2026年4月度 スポットワーク市場×アルバイト市場 比較分析レポート を発表しました

分析用求人ビッグデータを提供する、株式会社フロッグ(所在地:東京都千代田区、代表取締役:阪野 香子、以下「当社」)は、「2026年4月度 スポットワーク市場×アルバイト市場 比較分析レポート」を発表しました。

概要

直近数年で目覚ましい発展を遂げた、新しい雇用の形「スポットワーク」。その登場は既存のアルバイト・派遣市場にも少なくない影響を与えています。そこで以前、スポットワークが派遣を代替する可能性について、市場規模から考察を行いました。

▼派遣市場との比較記事はこちら
2026年2月度 スポットワーク市場 ポテンシャル分析レポート

今回はHRogチャートを用いてアルバイト市場との比較を行い、両市場のポテンシャルやシナジーについて考察していきます。

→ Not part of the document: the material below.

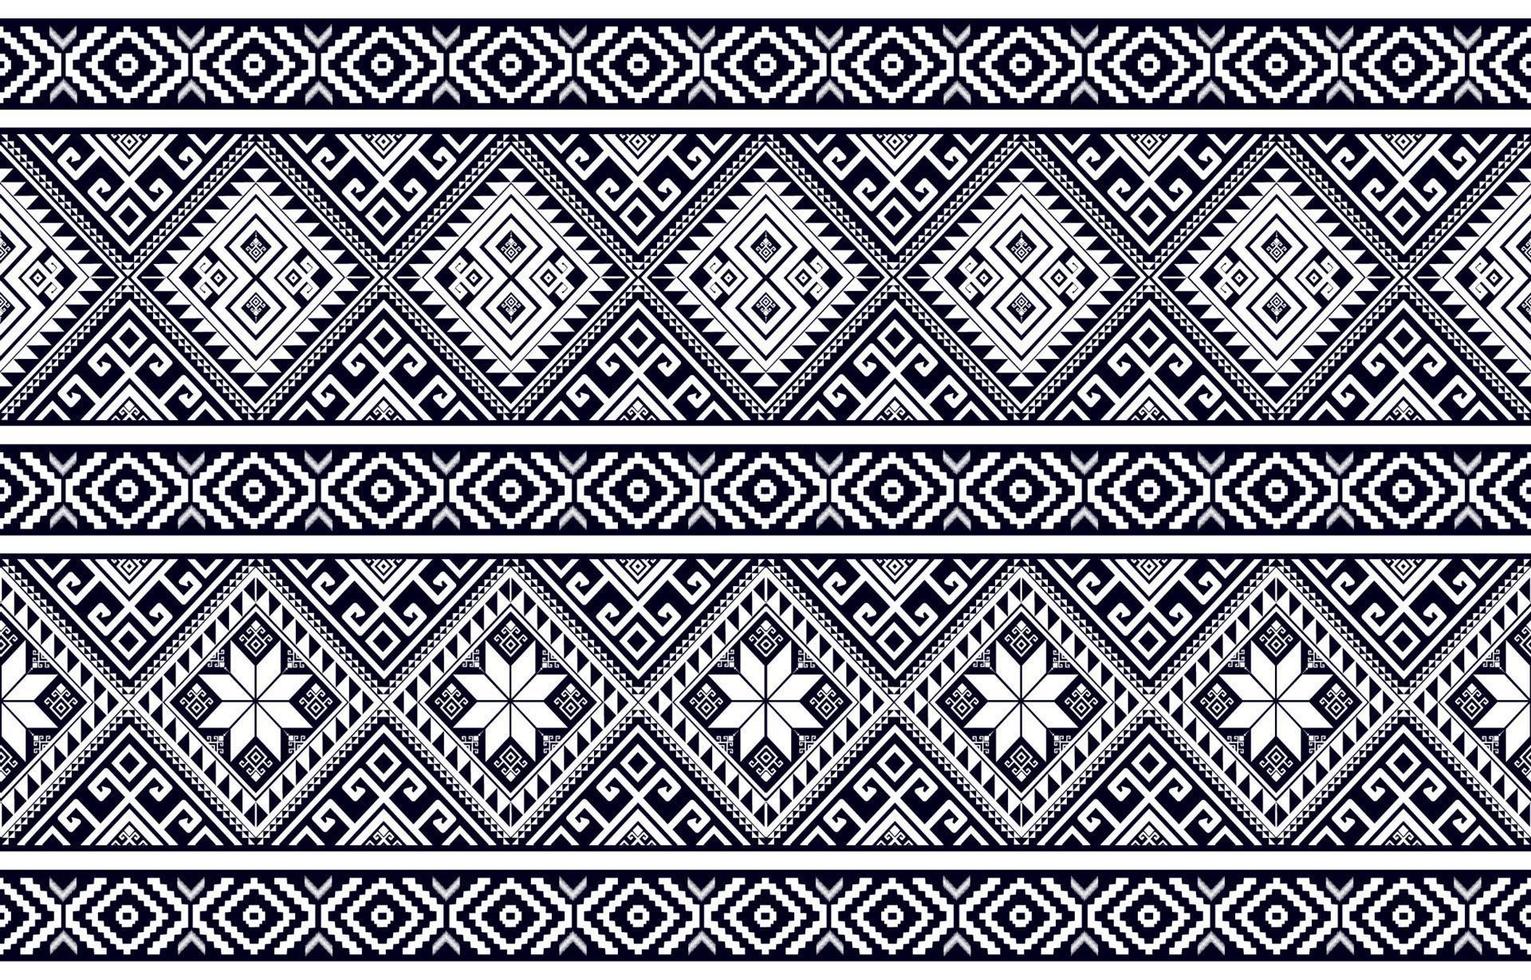 Black and white abstract geometric ethnic pattern western, american indian onrental africa. for carpet,wallpaper,clothing,wrapping,batik,fabric,tile, backdrop,Vector illustration. embroidery style. vector
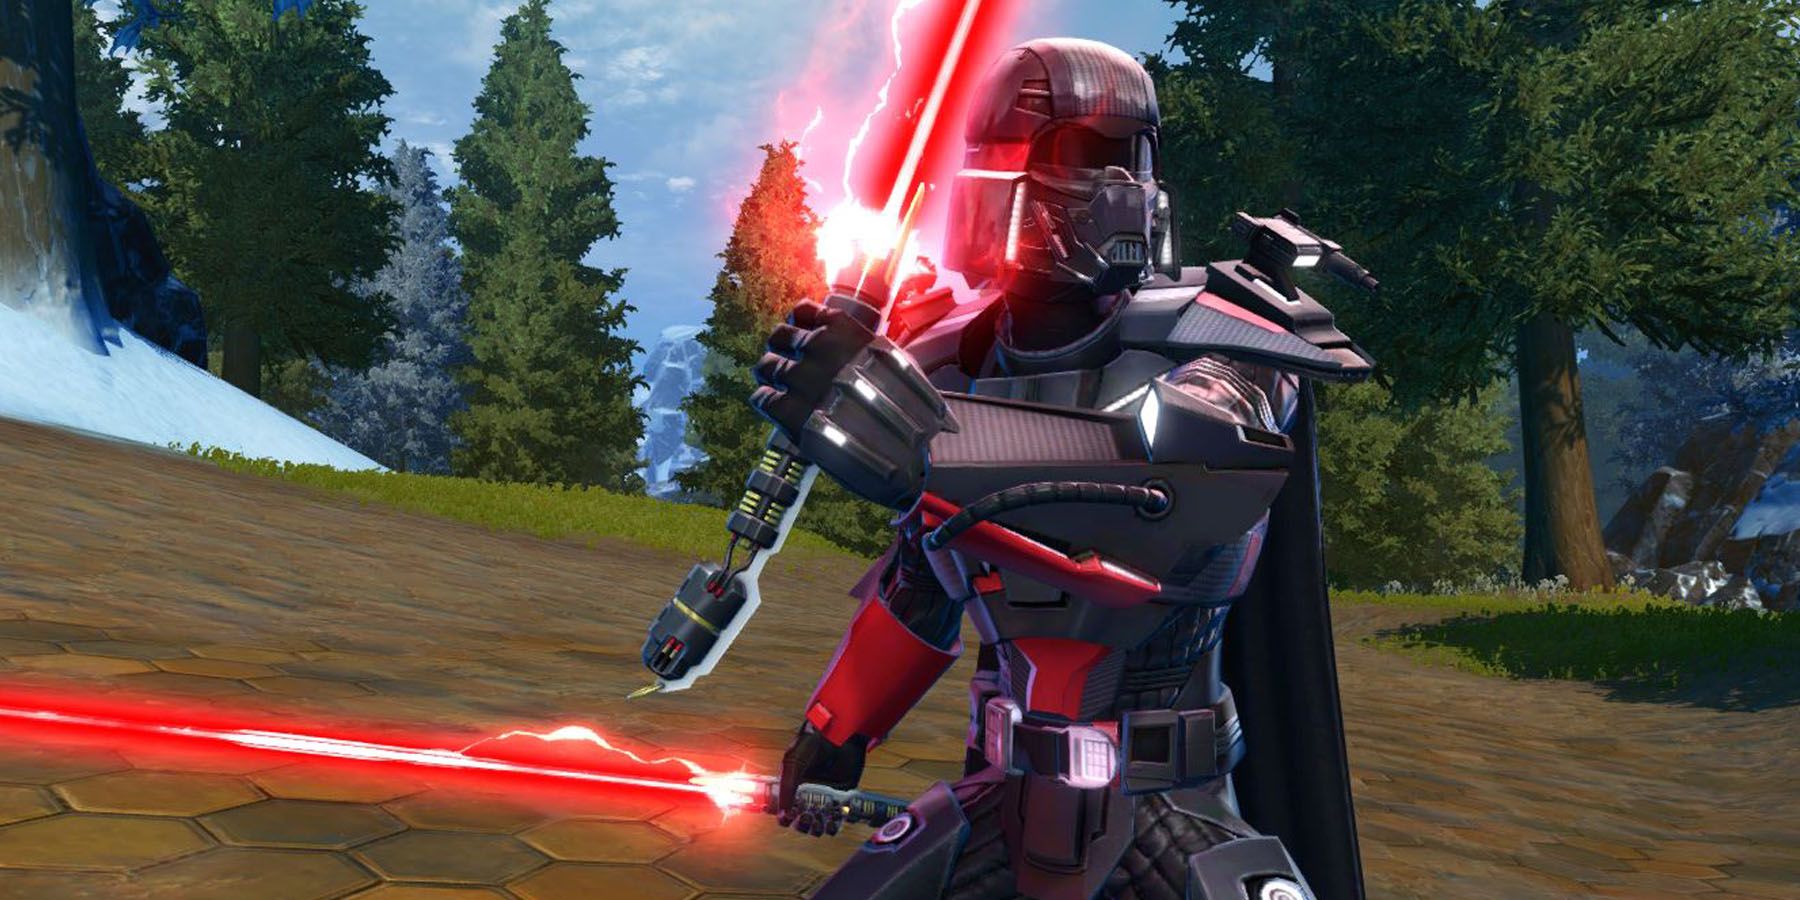 Sith Warrior using dual lightsabers

スポットワークがアルバイト市場に与えた影響は? ポテンシャルや関係性を考察!

アルバイト求人はスポットワークに置き換わる? 職種ごとの分布から調査

スポットワーク研究所「スポットワーク市場・クォータリーレポート」、HRogチャートをもとにフロッグ作成

※1:スポットワーク研究所/スポットワーク市場・クォータリーレポート【2025年4Q(2025年8月-10月)】/2026年4月6日時点 に基づく。
※2:「HRogチャート」のデータから算出、「イーアイデム」「バイトル」「マイナビバイト」の2026年2月最終週の取得データから雇用形態「バイト」または「パート」の求人を集計。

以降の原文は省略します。